Von den insgesamt zehn Songs gefallen mir acht ganz ausgezeichnet, lediglich der steelgetränkte Countryheuler „A Sad Cowboy Song“ und das abschließende „Jesus Never Had A Motorcycle“ fallen ganz dezent ab. Bei den beiden Openern „The Guitar Playing Man“ und „Come Runnin‘ Like A Friend“ mit diesem unnachahmlichen MTB-Flair (herrlich die Flöten-Parts und auch das filigrane Spiel von Hicks an der klassischen Gitarre) fühlt man sich in das Coverbild (ein reitender Cowboy blickt von einem Felsen auf einen See im Sonnenuntergang) regelrecht reinversetzt.

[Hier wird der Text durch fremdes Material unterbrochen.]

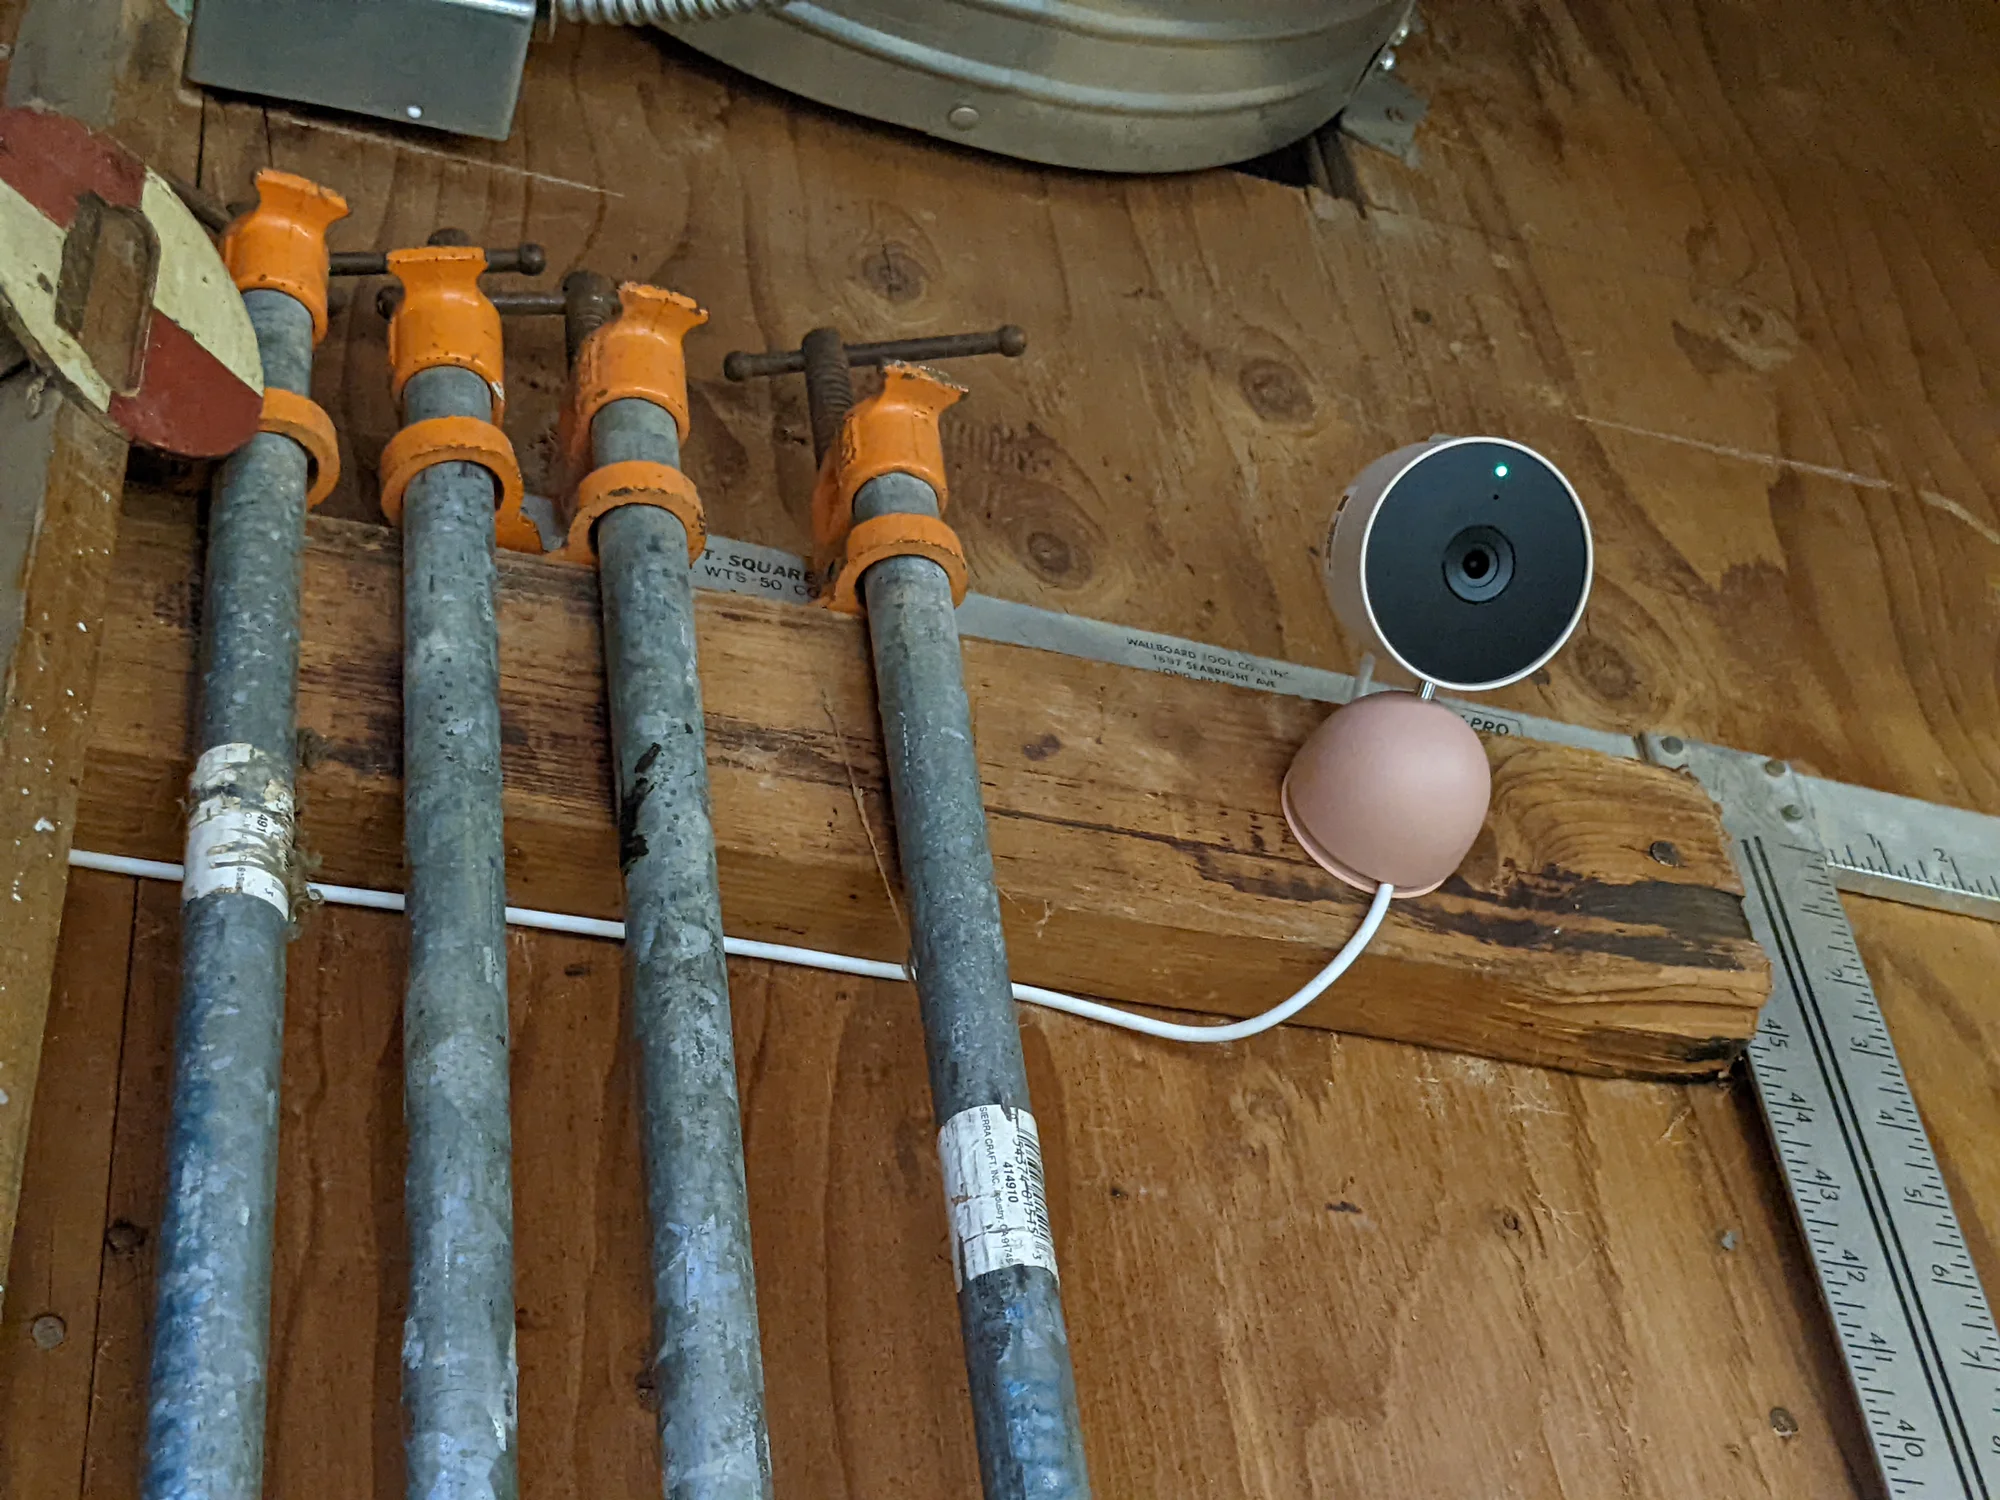 Nest Cam in the workshop, attached next to pipes against a wooden wall.

Stark auch das bluesige „Travelin‘ Man“ (Harp- und Slide-Einlagen), das ein wenig im Allman Brothers-Stil präsentiert wird. „Cold Steel“ und „Down This Road Before II“ sind zwei wunderbare gitarrenbetonte, melodische Countryrocker, bei denen Hicks und Borden auch ihre exzellenten Gesangsqualitäten unter Beweis stellen. Schon bald New Country-Charakter weist das im Duett gebrachte „I Love You That Way“ (Chris Hicks und Dougs Tochter Gabrielle Gray) auf. Das Lied wäre durchaus mal für Faith Hill und Tim McGraw als Cover eine Alternative. Eine Nummer aus der Feder von Toy Caldwell „Why Am I Crying?“ (ein dezent angejazzter, entspannter Barroom-Country-Song) sollte nicht unerwähnt bleiben.

Die Marshall Tucker Band fügt mit „The Next Adventure“ ein weiteres schönes Kapitel zu ihrer von guter Atmosphäre und einzigartigem Sound geprägten Bandgeschichte bei. Schöne, instrumental filigran auf den Punkt gestaltete Country-Songs mit den MTB-typischen Zutaten aus Rock, Pop, Jazz und Southern Rock geben Anlass zu großer Freude, lediglich die einst ausgedehnten Improvisationsparts blieben diesmal außen vor. Insgesamt aber eine tolle Team-Leistung! Mögen sie uns weiter noch lange erhalten bleiben!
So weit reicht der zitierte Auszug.